● **Your instructions**
Leave out the images and return all the data word for word.

● **Supplied data**
————

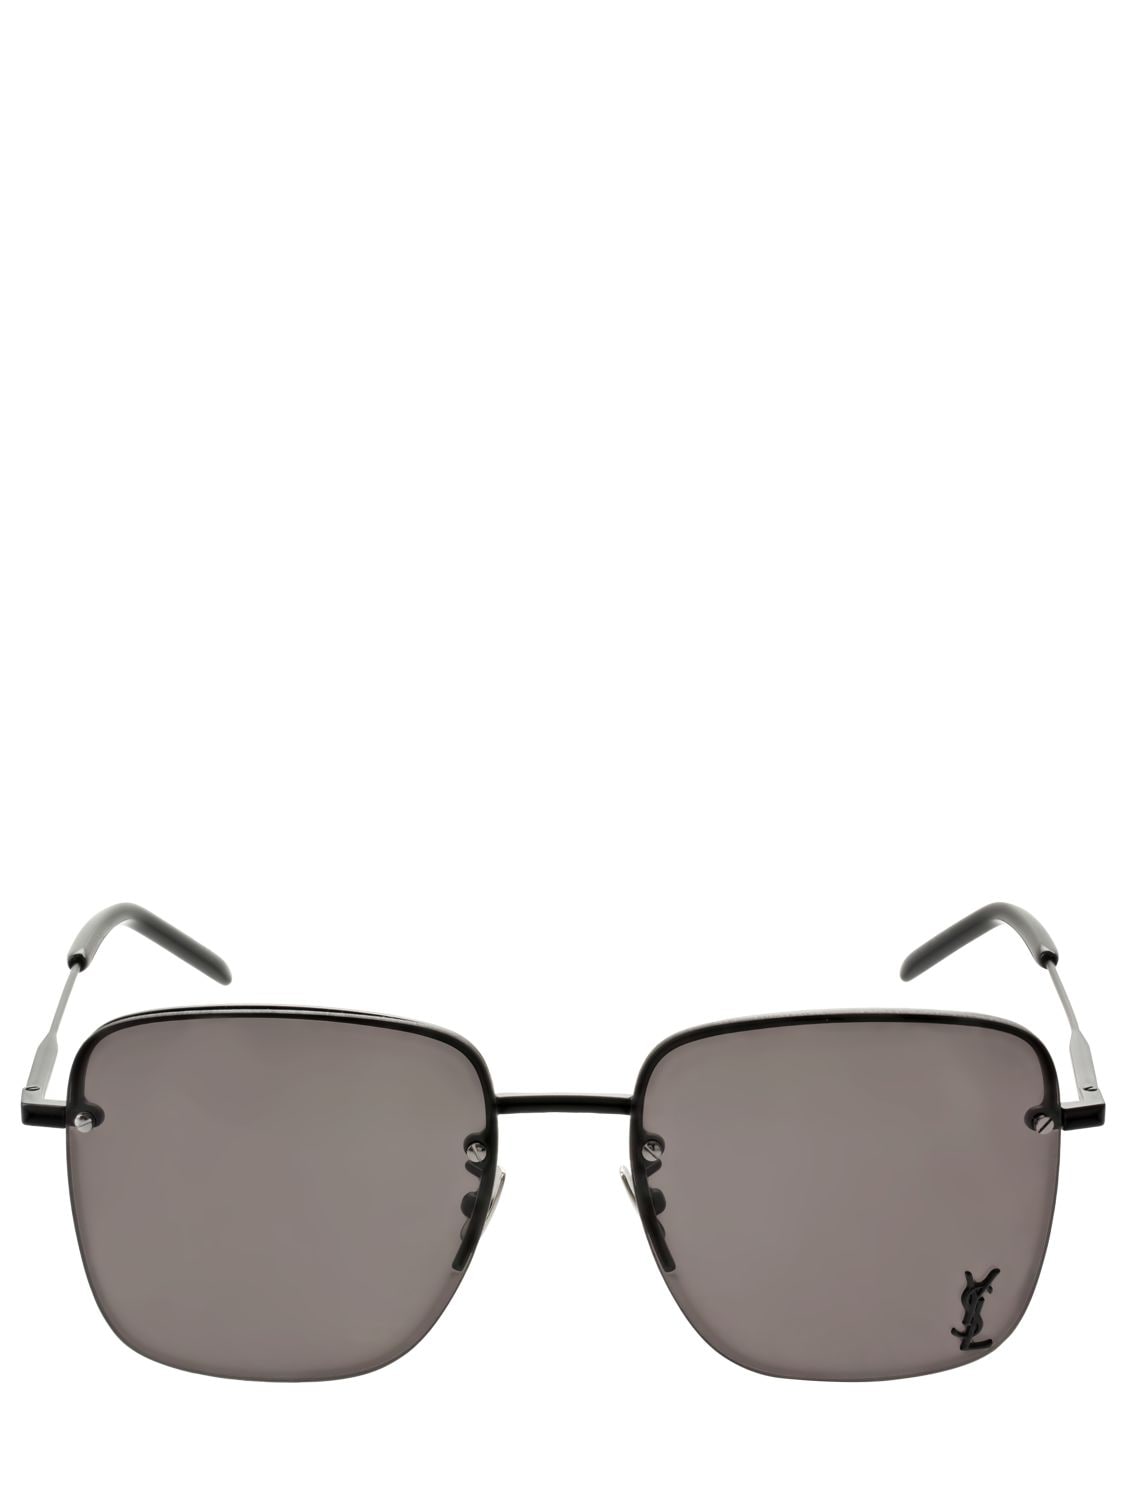 Ysl Sl 312 M Sunglasses
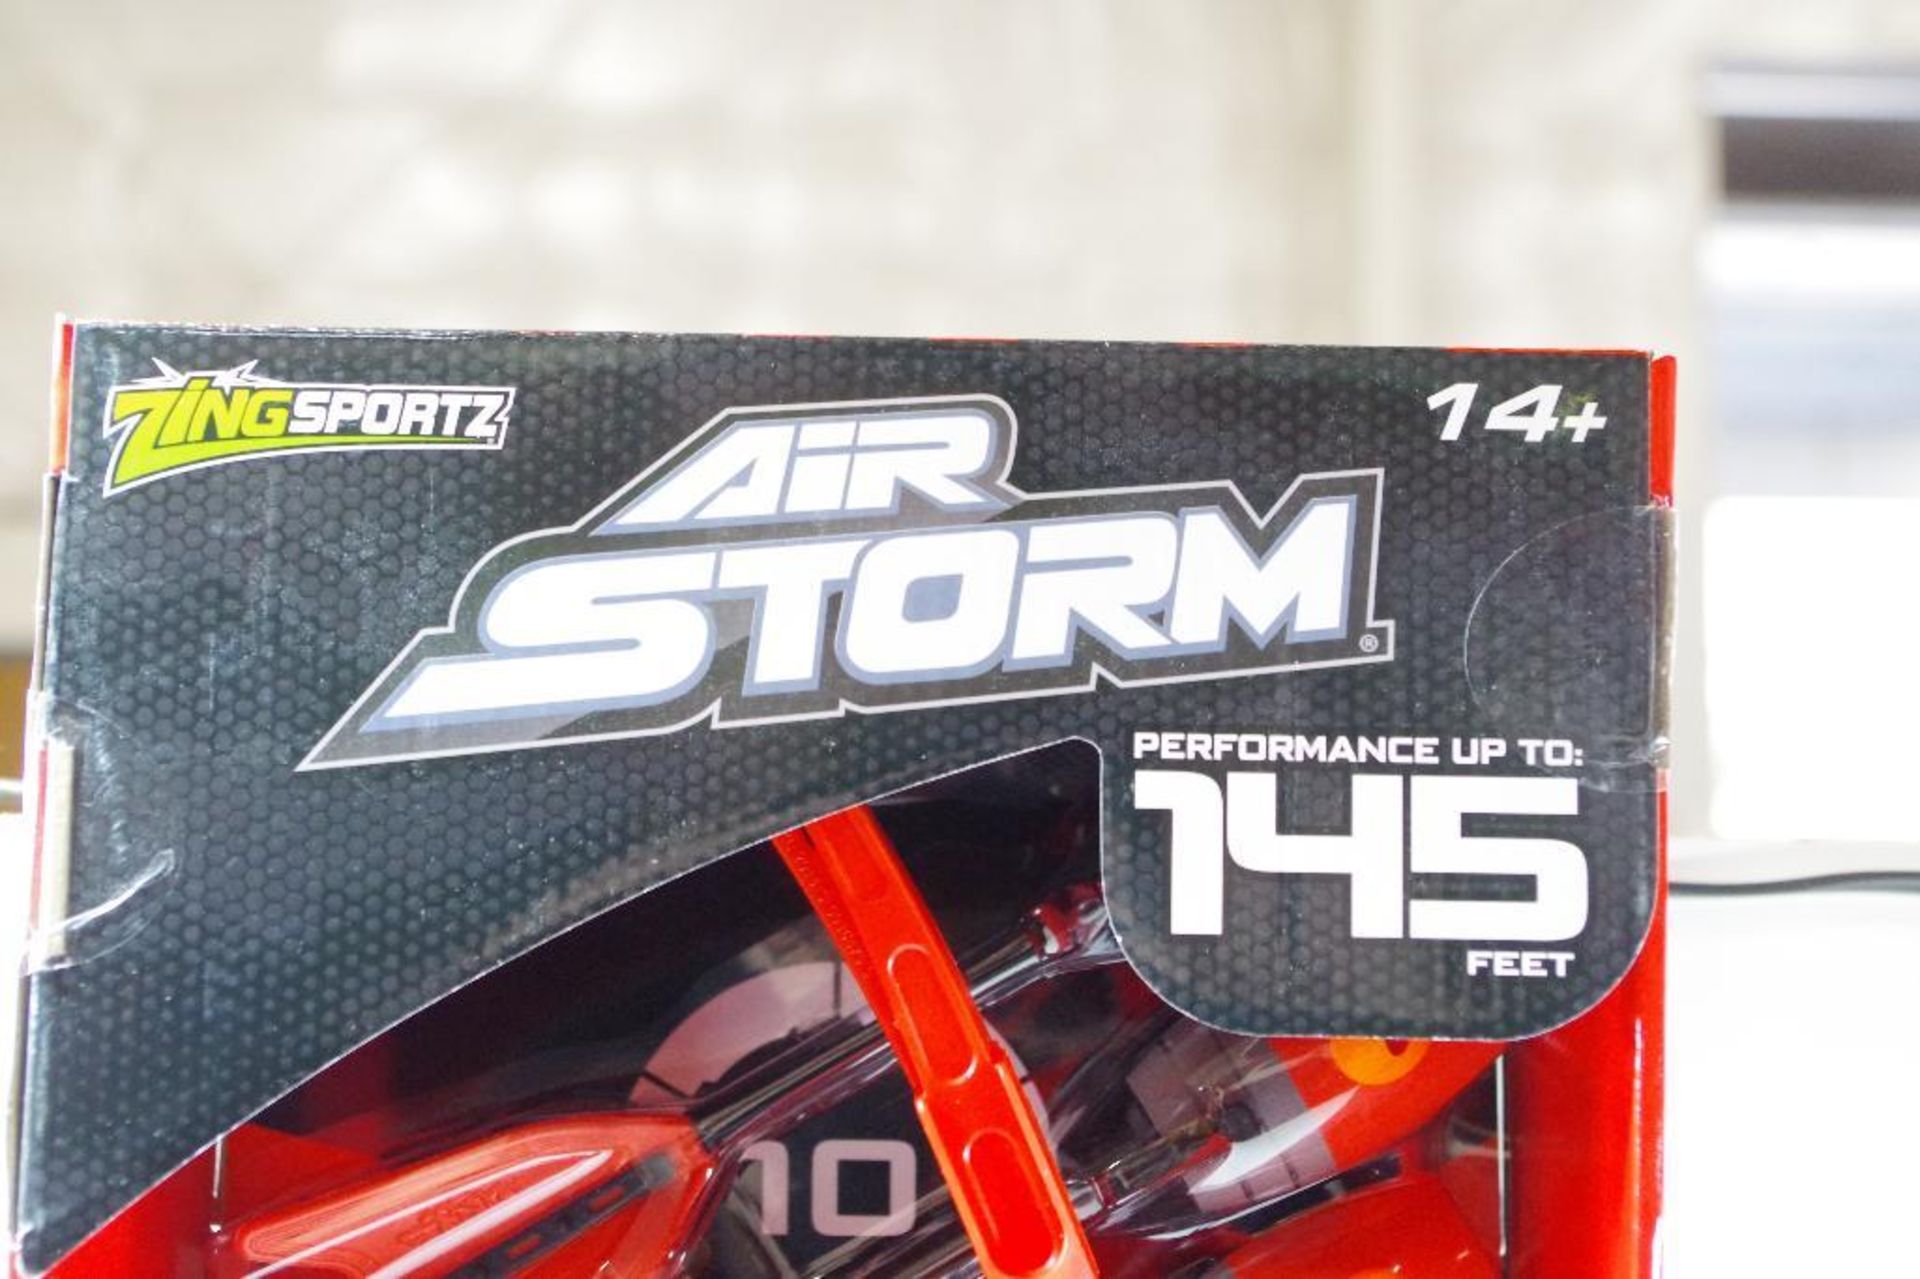 ZING SPORTZ Air Storm Z-TEK Bow and Arrow Set - Image 2 of 3
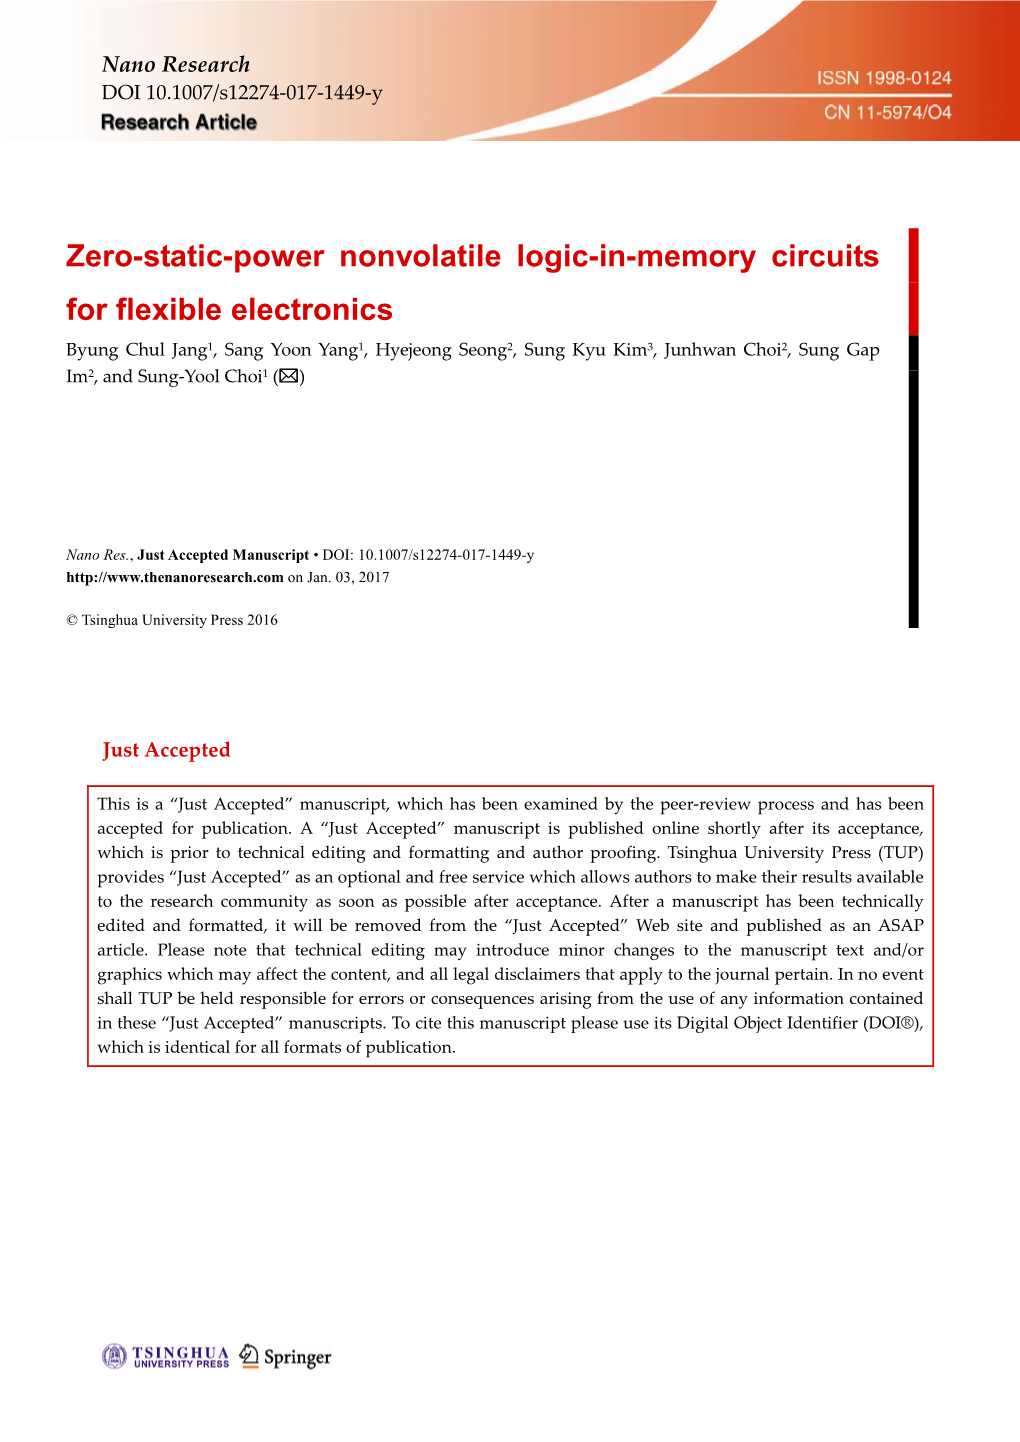 Zero-Static-Power Nonvolatile Logic-In-Memory Circuits for Flexible

————

● **Written response**
 Ysl Sl 312 M Sunglasses
 ZING SPORTZ Air Storm Z-TEK Bow and Arrow Set - Image 2 of 3
 Zero-Static-Power Nonvolatile Logic-In-Memory Circuits for Flexible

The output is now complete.